Небольшая утренняя ориентировка оказалась правильной. Спуск был ровный и
удобный, и мы доехали до ровного места без приключений. Теперь можно было
опять продолжать курс на юг, и в густой пурге мы продолжали свой путь в
неизвестное с приятной помощью завывающего норд-оста. Теперь мы снова начали
строить гурии, которые не нужны были на подъемах.

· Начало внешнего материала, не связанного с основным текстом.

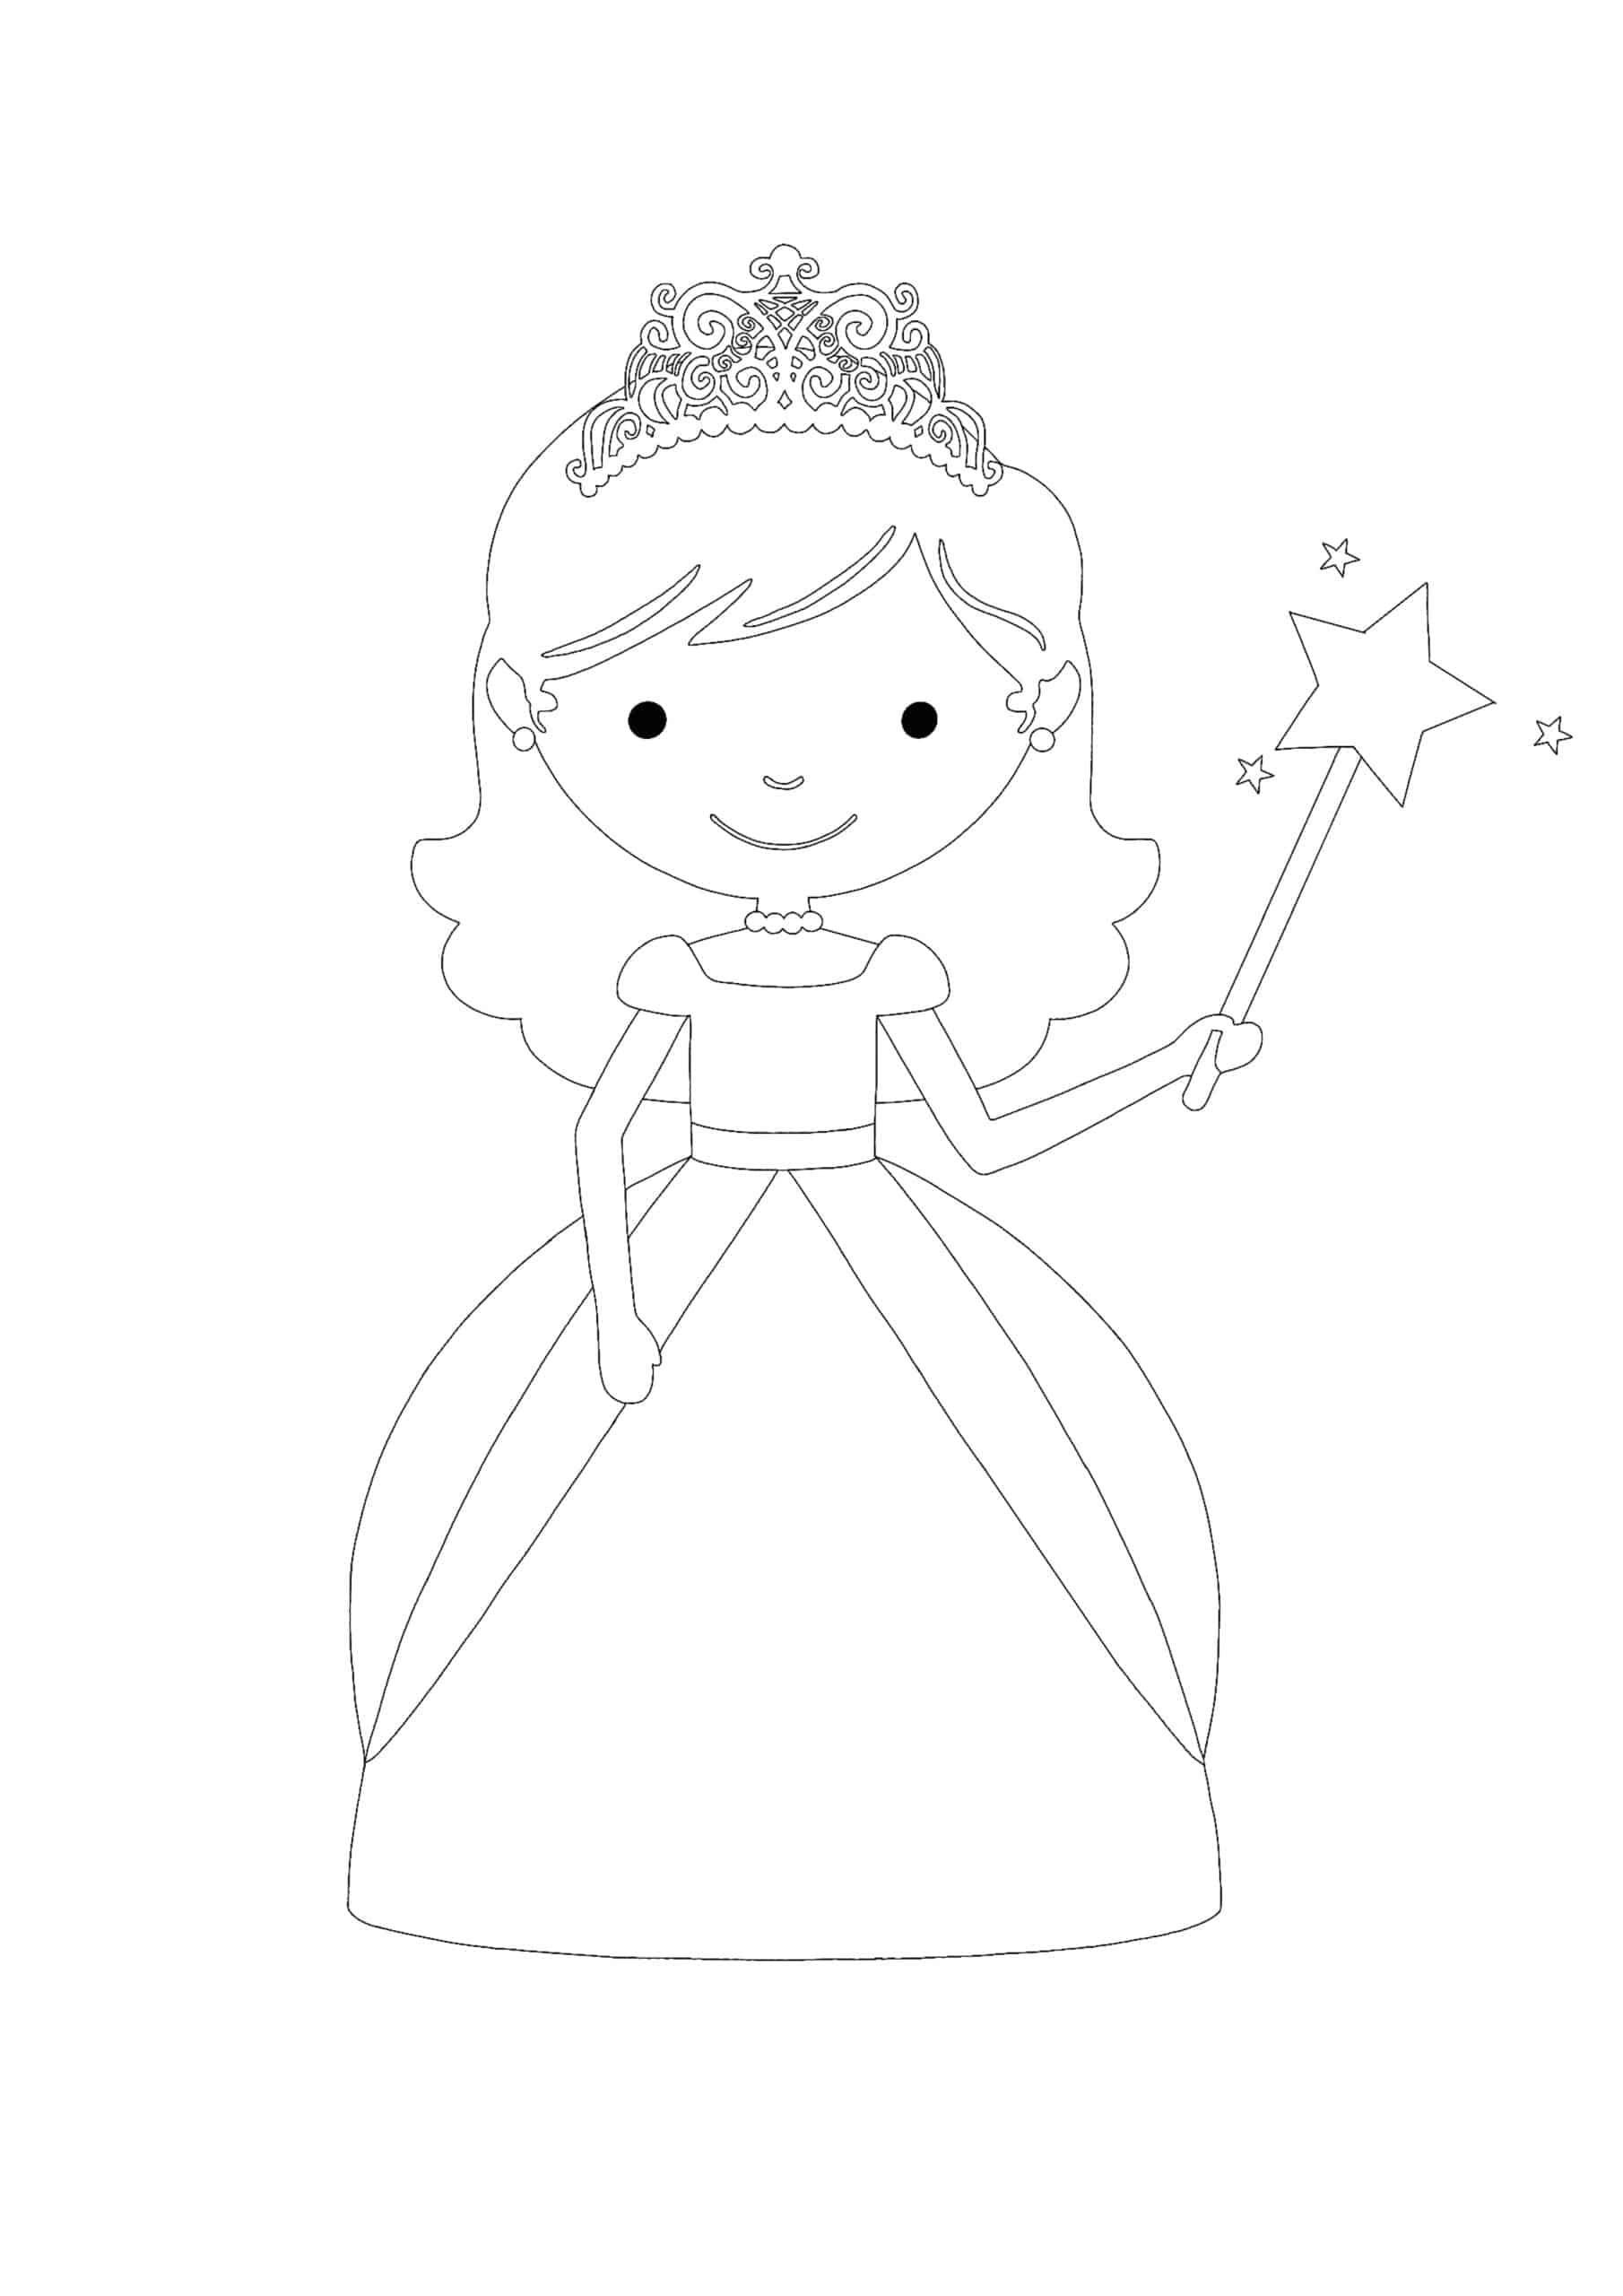 Baby Princess coloring page

К концу утра мы прошли снова через небольшой гребень, последний
встреченный нами. Местность была теперь довольно хорошая, ровная, как пол, и
без следа сугробов. Но, если мы все-таки продвигались вперед медленно и с
трудом, то причину этого следовало искать в скверном насте. Для всех нас это
было чистое наказание! Сахара и та, кажется, больше бы годилась для езды на
санях! Теперь, наконец, нам понадобился и бегущий впереди, и отсюда до
полюса эту работу поочередно выполняли Хассель и я. Среди дня погода
улучшилась, и, когда мы к вечеру разбили лагерь, все вокруг имело радостный
вид. Солнце проглянуло сквозь тучи и так дивно припекало после всех этих
холодных дней! Видимость не была хорошей, так что мы не могли разглядеть
окрестностей. Расстояние, пройденное нами, по показаниям наших трех
одометров, равнялось тридцати километрам. Принимая во внимание дурной наст,
мы могли быть этим довольны. Определение высоты дало нам 2 630 метров над
уровнем моря, или падение в течение дня на 230 метров. Это очень удивило
меня. Что это может значить? Вместо того, чтобы понемногу повышаться,
местность медленно понижалась. Впереди нас должно было ожидать что-то
странное, но что же?
По счислению, мы в этот вечер находились на 86o южной широты.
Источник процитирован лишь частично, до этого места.